Department of Linguistics - Simon Fraser University

Colloquium Series

 

 

Douglas Walker

University of Calgary and

Simon Fraser University

 

 

Alberta French: from majority to minority language

 

Thursday, July 21, 2011

11:30 am, EDB 7500B

Abstract

 

A study of French in the Peace River region of Alberta investigates a variety where French speakers, formerly in the majority, now form a minority of the population, where those interviewed are fluently bilingual, and where the demographic profile of the community is undergoing rapid change. All speakers are native to Alberta and all form part of a cohort linked to early settlers with roots in Quebec. Based on a protocol developed for the international project Phonologie du français contemporain: usages, variétés et structure (http://www.projet-pfc.net/) plus a separate word list specifically adapted to test for the most salient traits of colloquial Canadian French, this study demonstrates that:

  1. Alberta French in the Peace River area is a closely related variant of the vernacular form of “le francais laurentien” widespread throughout Canada.
  2. The impact of English on the speech patterns of community members is profound: assimilated and unassimilated loans, calquing, code switching and imperfect learning (“écarts de la norme”) are frequent.
  3. This impact is not evenly distributed: older speakers show far fewer unassimilated loans and less calquing and code switching, while the “moyens” and “juniors” show progressively higher rates in each of the categories. 4. The linguistic ecology of the region is evolving rapidly.

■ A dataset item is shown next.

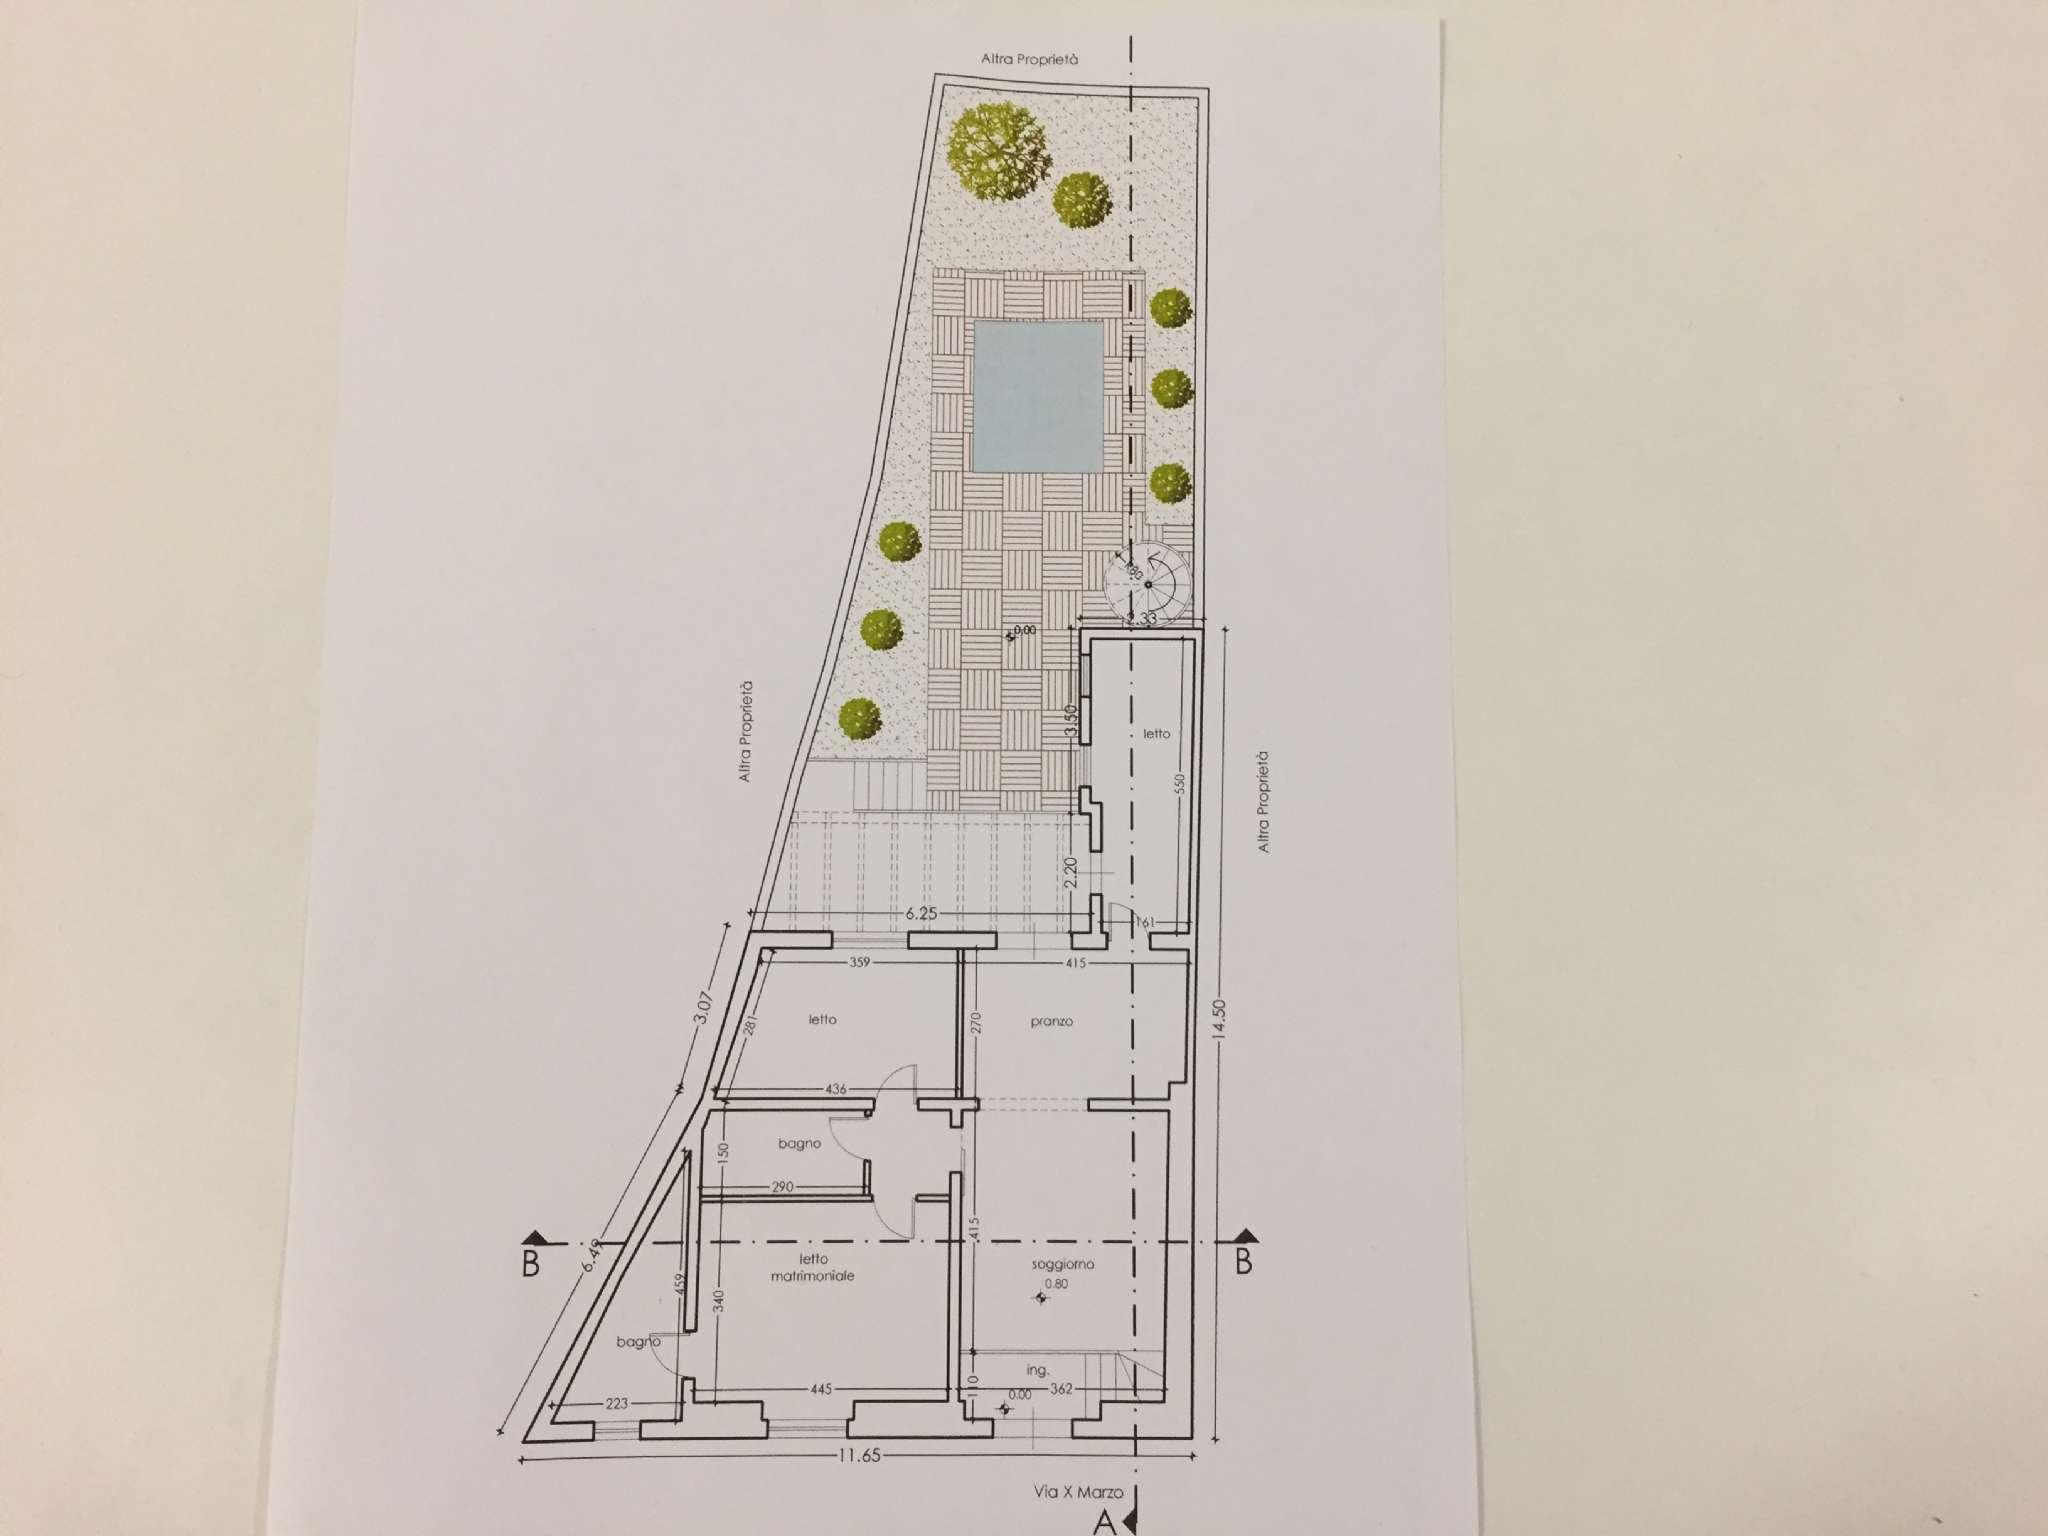 Soluzione Indipendente in vendita a Modugno, 4 locali, prezzo € 290.000 | CambioCasa.it

The composition of the population, the restriction in the contexts where French is used and the dramatic reduction in French as “la langue du foyer” all raise concerns, despite significant governmental, media and social support, for the long term future of the language in a region where it long played a dominant role.

A study of Alberta French provides, as a result, information concerning both the phonological structure of the Canadian vernacular and the typical evolution of the language in a minority situation.